Regardless of the circumstances leading up to Whitehouse’s abuse and murder, Baker’s arrest, conviction, and pardon for the boy’s death evidently did not scare him into reform. The cow mutilation signaled the end of his short and disgraceful period of residence in Parowan. His act of brutality and the consequential second excommunication effectively banished him and his wife from the community. Samuel Baker was listed in the 1856 Utah Census as a resident of Cedar City, suggesting that the Bakers sought to flee the confines of the fort wall. The order of the census enumeration also suggests that Isaac’s five-year-old brother was placed under the care of Joseph and Nancy Barton of Parowan. 48 Although we do not know precisely when they decided to move, Samuel and Elizabeth soon took their children away to live in anonymity in San Bernardino, California (where many Iron County residents out-migrated) and to avoid the possibility of awkward stares from neighboring members of the Parowan and Cedar City settlements. 49

The Bakers’ move to California helped to stifle any public memory of the incident. Whitehouse’s murder was never reported in the Deseret News or any other published records. With the exception of Martineau’s explicit journal entry, only a few extant diaries mention the murder and court case and then only obscurely. As a consequence, the tragic affair was never recounted in histories of Parowan or Iron County. One account, written decades after the incident by a Baker descendant, falsely tells a story of the Baker family passing through Utah, with no mention of their stay in Parowan or the boy’s death and the subsequent murder trial: “Before reaching Salt Lake City, the Whitehouse baby [Isaac] died. One of the Baker boys and Joe Whitehouse were left with some people in Salt Lake City while S. G. Baker and wife and the other Baker boy came on to

San Bernardino, Calif. with the Mormons. Later the two boys were sent on to them in another wagon train.” 50 By the mid-twentieth century, when this account was written, the episode had been effectively washed from collective memory.

The absence of reports of Baker’s crimes and the trial in contemporary newspapers seems to indicate that such violent abuses against children— and undoubtedly spouses—were taboo and kept from public knowledge.

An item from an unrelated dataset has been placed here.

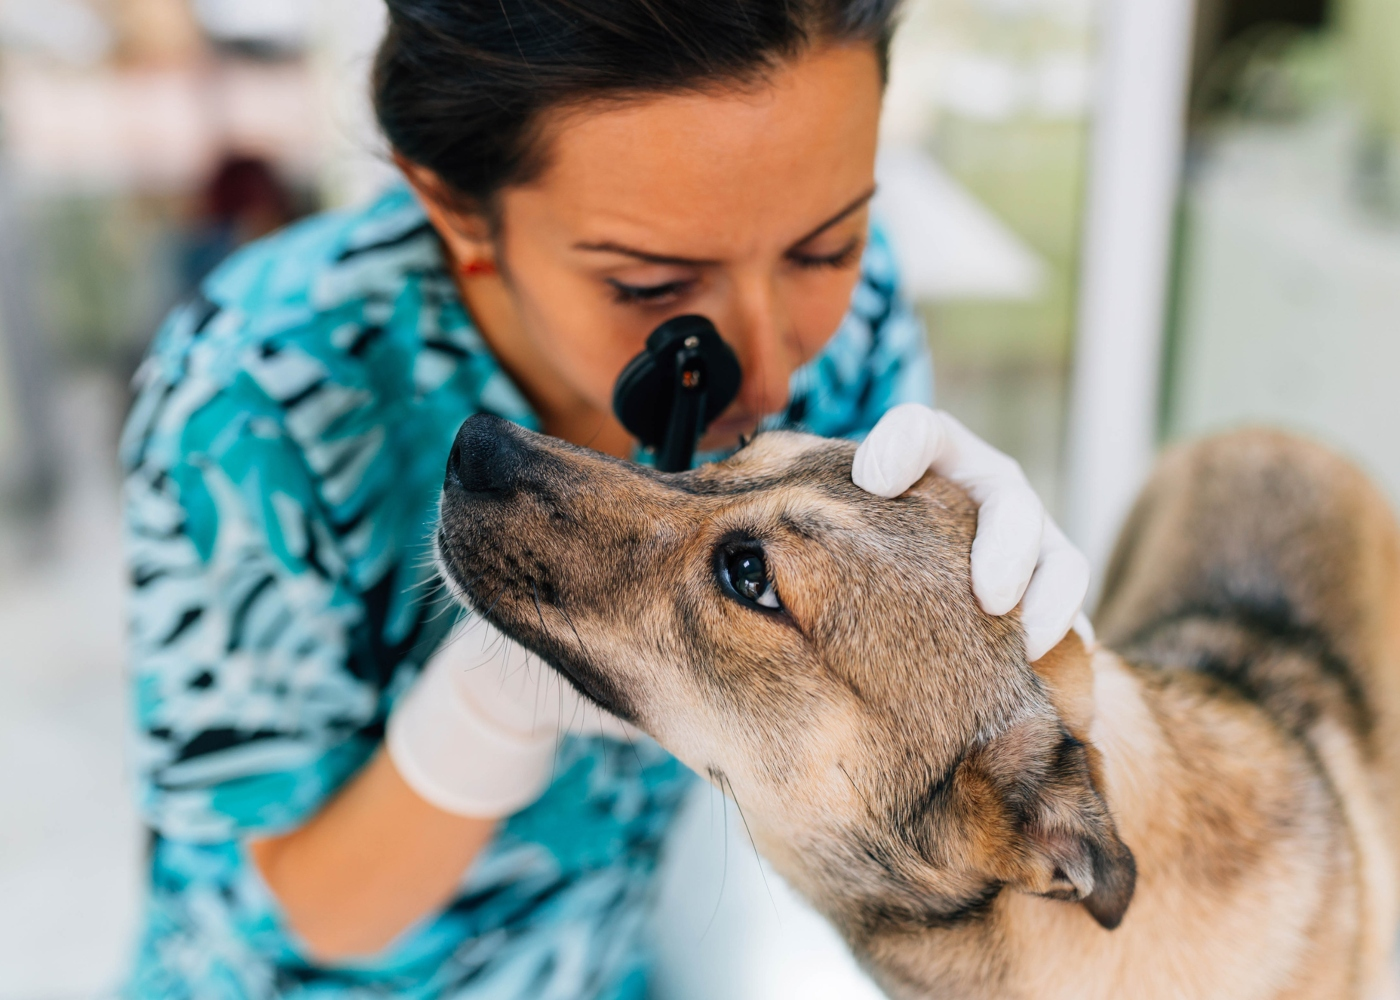 Veterinária a examinar olhos do cão

According to the historian Elliott West, “Violence and child abuse usually remained behind closed doors, but enough is mentioned in reminiscences and memoirs to show that it was certainly not unknown.” 51 The stresses of frontier life, family transience, marital discord, the death of a parent, and the abandonment of children to strangers or uncompassionate caretakers often led to child neglect and abuse. 52

Contemporary research has revealed some of the causal factors leading to the maltreatment of children with disabilities. Studies have shown that “children with chronic illnesses or disabilities often place higher emotional, physical, economic, and social demands on their families.” 53 Newly arriving immigrants to Parowan encountered a rough and tumble existence and brought with them the social behaviors that they had adopted in industrialized cities like Birmingham, London, and Liverpool. Moreover, as clinical psychologists conclude, “Parents with limited social and community support may be at especially high risk of maltreating children with disabilities, because they feel more overwhelmed and unable to cope with the care and supervision responsibilities that are required.” 54 These factors were particularly profound for the Bakers. The severely depressed conditions in Parowan would have exacerbated the tremendous demands placed on the blended Baker family. The day-to-day care of Isaac, the mute boy who was neither Elizabeth’s nor Samuel’s biological child, would have been extremely taxing on them.

Parowan Fort in 1852, by William Warner Major.

courtesy of the lds church history museum, copyright by intellectual reserve, inc.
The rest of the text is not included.